Trans Fats and Heart Disease: What a Massive Harvard Study Found

Trans Fats and Heart Disease: What a Massive Harvard Study Found

Graph showing link between trans fats and heart disease risk in women

Dr. Kumar’s Take:

This large study of over 85,000 women provides strong evidence that eating more trans fats—like those found in margarine, cookies, and processed foods—raises the risk of heart disease. Even after accounting for other factors like smoking, exercise, and cholesterol, the link remained strong. Not all fats are equal. This study reinforces that trans fats are some of the most harmful. Aim to cut them out wherever possible.

Note:

This study was published in 1993. I generally don’t like to post studies that are over 20 years old, but this one is important because it shows that we knew that trans fats were harming us for 25 years before taking them off the market. Even though evidence on the harms of trans fats stacked for many years, the power and money of the food industry was able to keep them in our food supply for decades.

Key Takeaways:

Women who ate the most trans fats had a 50% higher risk of heart disease than those who ate the least.
The risk was even higher for women who consistently used margarine over the previous decade.
Foods like margarine, cookies, and white bread were major contributors to trans fat intake.
Trans fats from vegetable oils were harmful; trans fats from animal products did not show the same effect.

Actionable Tip:

Read food labels carefully and avoid anything that lists “partially hydrogenated oils.” These are a major source of trans fats and are still found in international foods.

Brief Summary:

This 8-year study followed 85,095 women from the Nurses’ Health Study who had no known heart disease at the start. Researchers used food questionnaires to estimate trans fat intake and tracked new cases of coronary heart disease (CHD), including heart attacks and CHD-related deaths. They found that women who consumed the most trans fats had significantly higher risk of developing heart disease—independent of other factors like total fat, cholesterol, or lifestyle choices.

Study Design:

  • Type: Prospective cohort study
  • Participants: 85,095 women with no CHD, stroke, diabetes, or high cholesterol in 1980
  • Follow-up: 8 years
  • Data Collection: Food-frequency questionnaires and medical records
  • Outcome Measured: New CHD events (non-fatal heart attack or CHD-related death)
  • Adjustments: Controlled for age, smoking, weight, diet, cholesterol, hormone use, multivitamin use, and family history

Results:

  • 431 women developed heart disease during the study period.
  • Women in the highest fifth of trans fat intake had a 50% increased risk of heart disease compared to the lowest.
  • The link remained strong even after adjusting for other dietary fats (like saturated and monounsaturated fats) and lifestyle factors.
  • Processed foods like margarine, cookies, and white bread were top contributors to trans fat intake.
  • Trans fats from vegetable sources (like margarine) were linked to higher risk. Trans fats from animal sources (like beef or dairy) were not.

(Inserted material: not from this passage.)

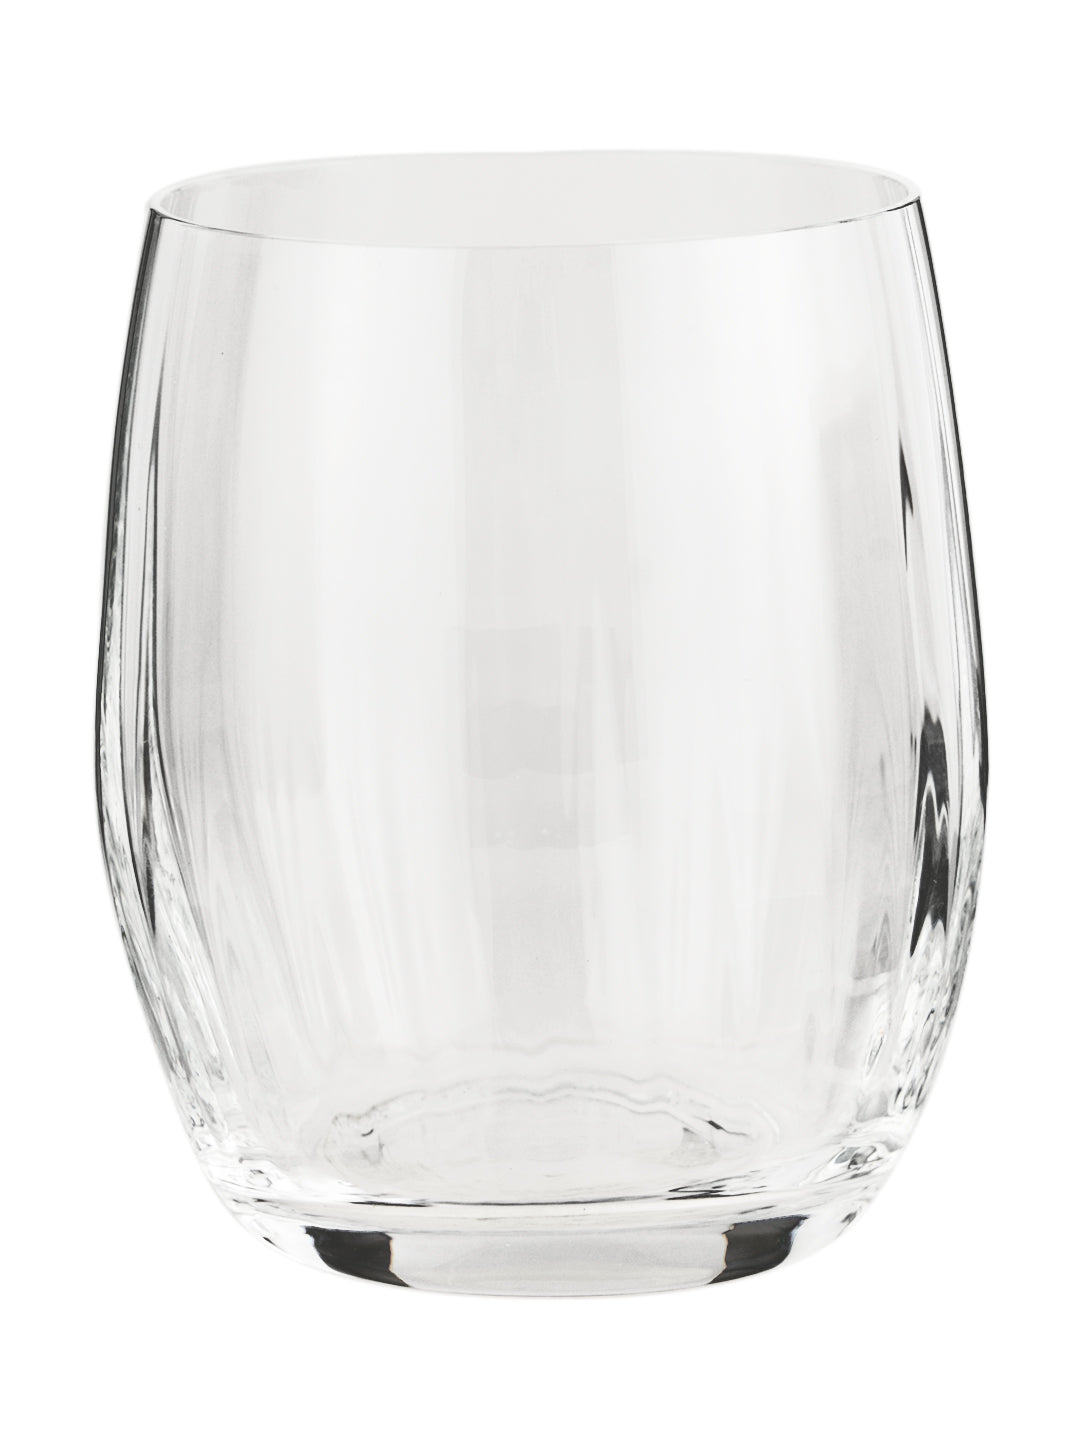 BARREL CRYSTAL WHISKEY GLASS - EUROPEAN CRYSTAL - SET OF 6

How Trans Fats Harm the Heart

Trans fats are created when vegetable oils are turned into solid fats through a process called partial hydrogenation. They were found in many processed and fried foods in the past but were banned in the US in 2018. Industrial trans fats interfere with the body’s ability to process healthy fats and may affect inflammation, blood clotting, and the structure of cell membranes.

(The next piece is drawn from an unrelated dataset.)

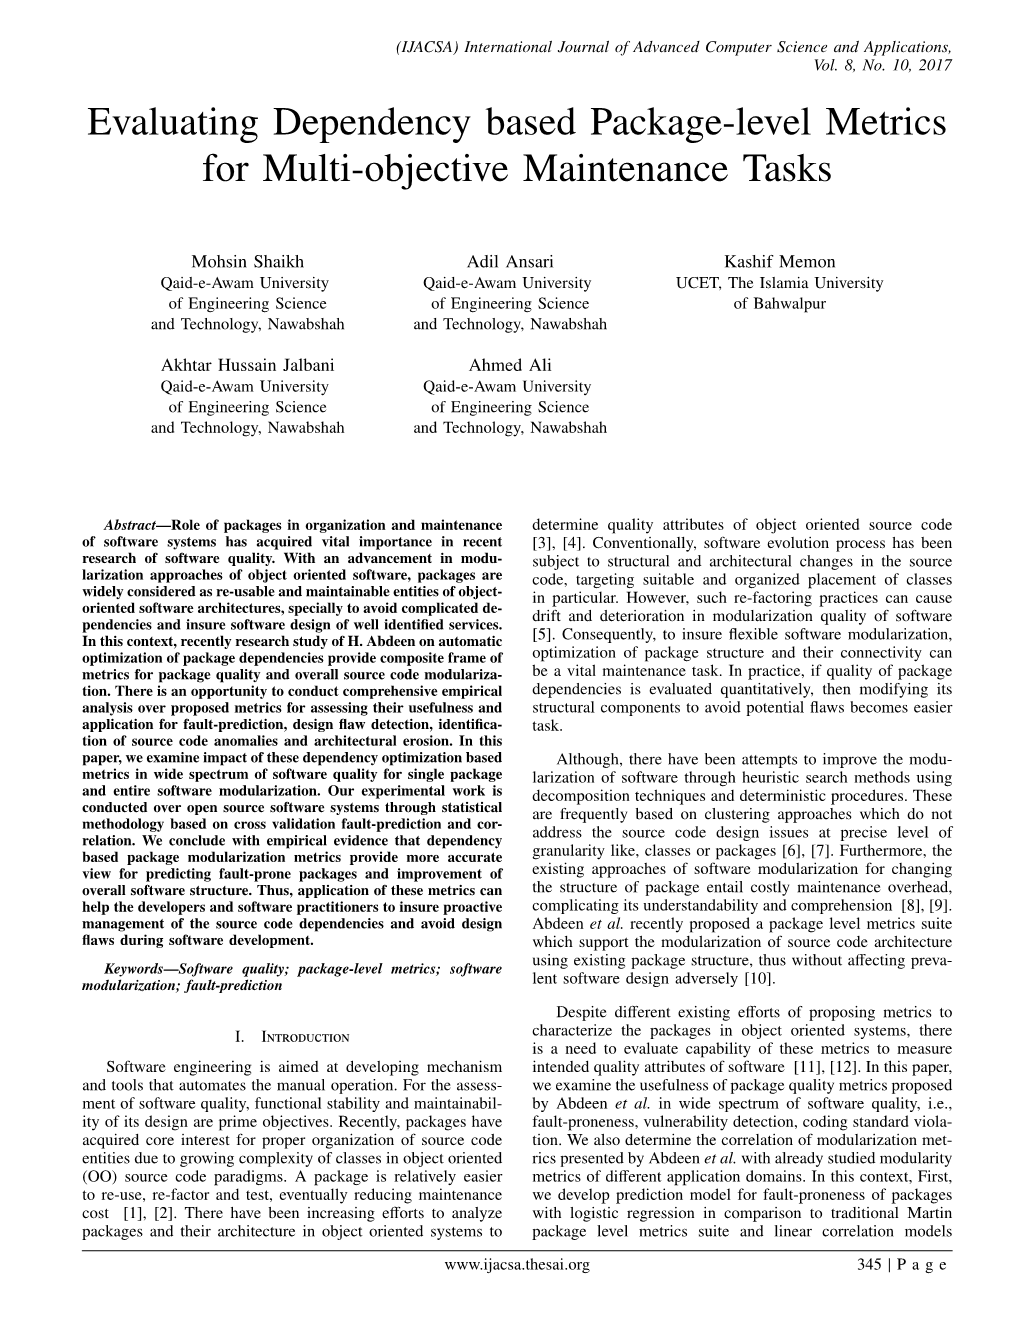 Evaluating Dependency Based Package-Level Metrics for Multi-Objective Maintenance Tasks

L-Carnitine and Heart Health – Investigates how L-carnitine may influence cardiovascular risk through effects on fatty acid metabolism.

CoQ10 and Cardiovascular Health – Highlights CoQ10’s role in supporting heart function and mitochondrial health.

Linoleic Acid and Heart Disease – Examines the cardiovascular effects of polyunsaturated fats as a contrast to trans fats.

PURE Study: Dietary Fats, Carbs, and Heart Health – Discusses findings on various fats and carbohydrates in relation to heart disease.

Frequently Asked Questions

What are trans fats?

Trans fats are a type of fat made by adding hydrogen to liquid oils to make them solid. They are often found in baked goods, fried foods, and margarine.

Are trans fats still in food today?

Yes. While many countries have banned or restricted trans fats, they may still be found in older processed foods or international foods. Always read the label—look for “partially hydrogenated oils.”

What’s the difference between trans fats from plants and animals?

In this study, trans fats from plant-based processed oils (like margarine) were linked to higher heart risk. Those from animals (like dairy or beef) were not.

Should I avoid all fats?

No. Healthy fats like those from olive oil, nuts, and avocados are good for your heart. It’s the processed trans fats you want to avoid.

Conclusion

This landmark Harvard study left little: doubt—trans fats significantly increase your risk of heart disease. Cutting them out of your diet is one of the most effective ways to protect your heart. Look at labels, avoid processed foods, and choose whole, fresh options whenever possible.